One of the biggest questions of the college football offseason was would Trinidad Chambliss play college football in 2026?

That answer was chiseled into stone last month when the Mississippi Supreme Court denied the NCAA’s request for an expedited interlocutory review of a lower-court ruling granting Chambliss a preliminary injunction.

But that wasn’t a fast process and the offseason waits for no one. So, while also dealing with everything that comes with taking over a new program, Pete Golding had that drama to deal with while also working the transfer portal.

In a recent interview with ESPN’s Greg McElroy, Golding talked about that time period and how Ole Miss supported Chambliss during that time period.

“It was taking a step at a time,” Golding said to McElroy. “The first piece for us was, all right, we have to retain him because if it does get cleared, I know I want him on my football team.

“He’s got to make a decision based on if he is going to be eligible, and we’ve got to do a good job from a retention component. Are we going to keep the system the same? What are the pieces we’re going to put around him? From a development component, is this quarterback coach going to change?

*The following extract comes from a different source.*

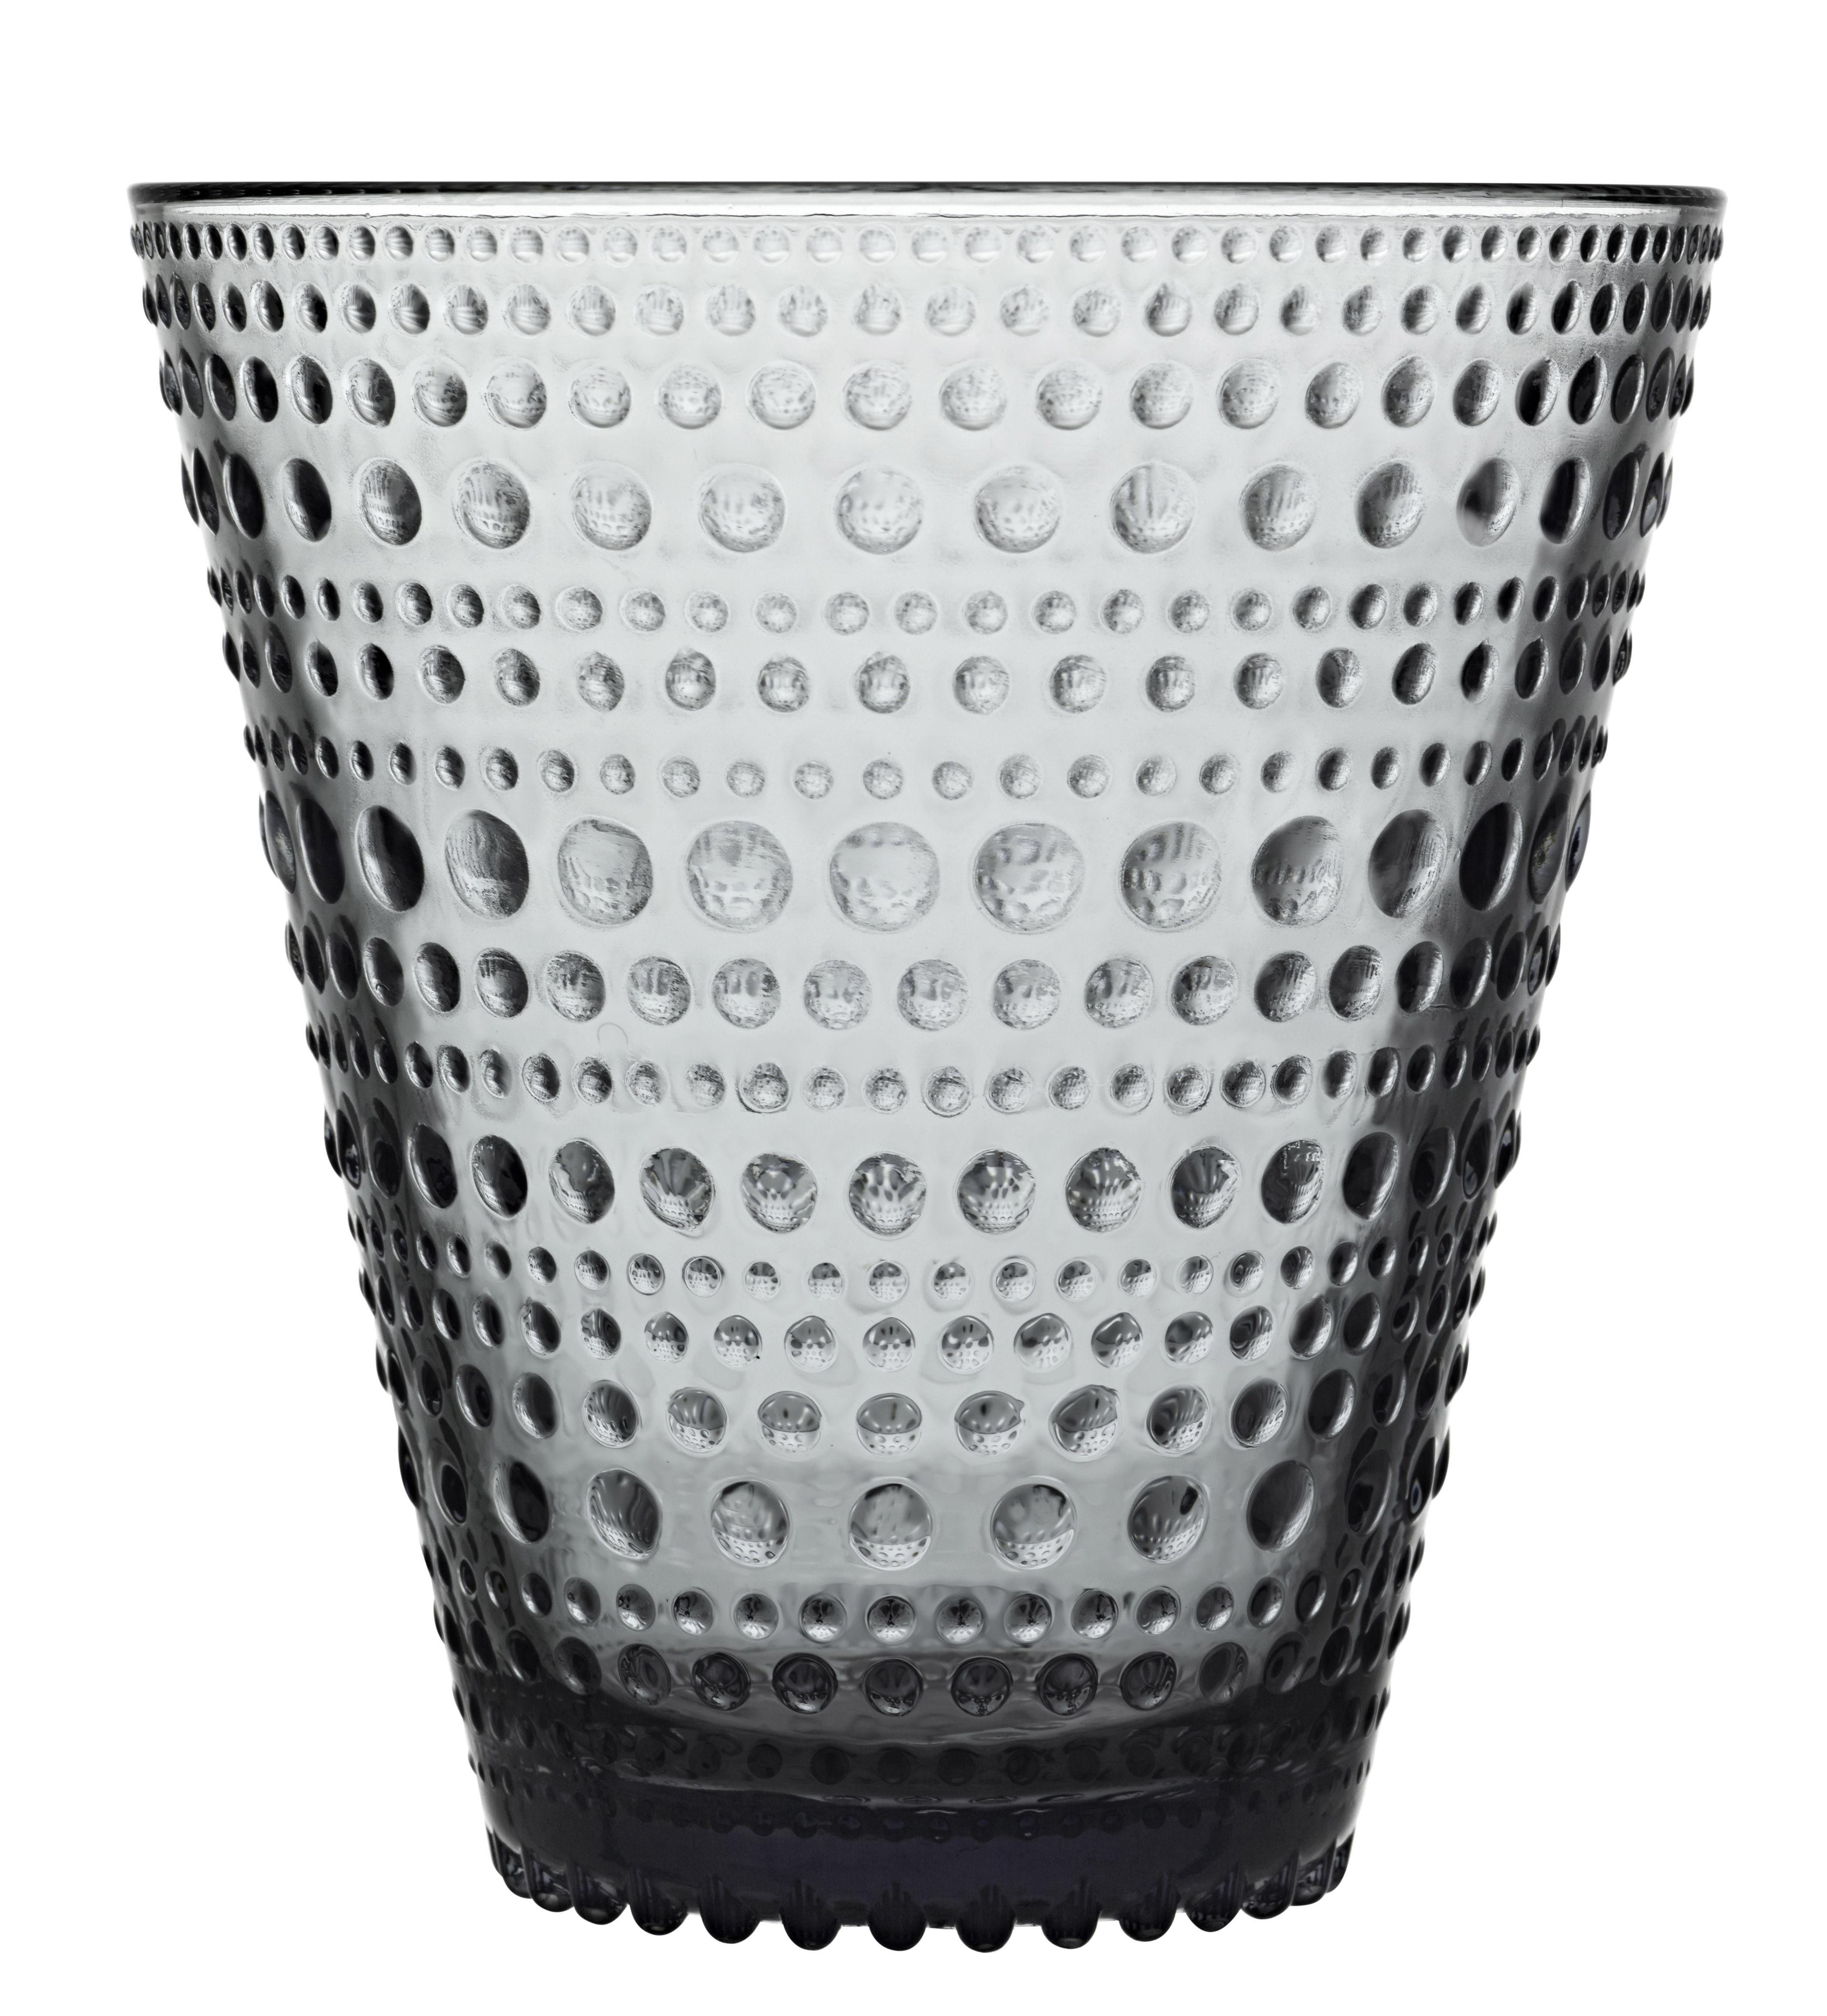 Tableware - Wine Glasses & Glassware - Kastehelmi Glass - Set of 2 glasses - 30 cl by Iittala - Grey - Pressed glass

“There were a lot of questions there that he needed answers to and his camp needed answers to.”

The first decision was made in January when Ole Miss announced Chambliss had agreed to a deal to be with the Rebels in 2026, should he gain the eligibility. It was an easy choice for Ole Miss to want Chambliss back.

He threw for 3,937 yards and 22 touchdowns last season. He finished third in Ole Miss history in single-season total offense (4,464) and passing. Chambliss received the eighth-most votes for the Heisman Trophy, awarded annually to college football’s best player.

Once that decision was made, the other building blocks started to be put into place.

“The number one thing first was, all right, how are we going to continue to develop you and put the pieces around you to be able to have an even better year next year?” Golding said.

“Once we got that piece of it and it was like, all right, I feel good, I’m definitely staying, this is where I want to continue to create my legacy, which he did an unbelievable job of in one season, then the next one was, all right, now all we can focus on is controlling what we can control.

“We’ve got two things: You’ve got to help us recruit our roster in case you are eligible because good players want to play with good players. Then, number two, if you’re not eligible, you’ve still got to be preparing for the draft.”

In February, Chambliss was granted the preliminary injunction that made him eligible to play.

“He was awesome about it,” Golding said. “He’s got a great mom and dad. He’s got a good agent and all that. Joe did a great job with him throughout the process.

“We took it one piece at a time. Retention first, recruitment second for our roster, the development component third, and then just trying to really focus on controlling what we control, get in a really good routine, still work out, be around the team. You’re the starting quarterback until you’re not.”

Ole Miss supplemented the offensive roster around Chambliss with 17 transfers, including five wide receivers and three running backs.

“How I presented it to him [was] right now, once we got the court injunction, it was, ‘Hey, you’re our leader, you’re our quarterback, we’re doing everything. You’re running the meeting. You’re taking the one reps. There ain’t any of that.’ Then we’ll still work you out on the side just in case,” Golding said.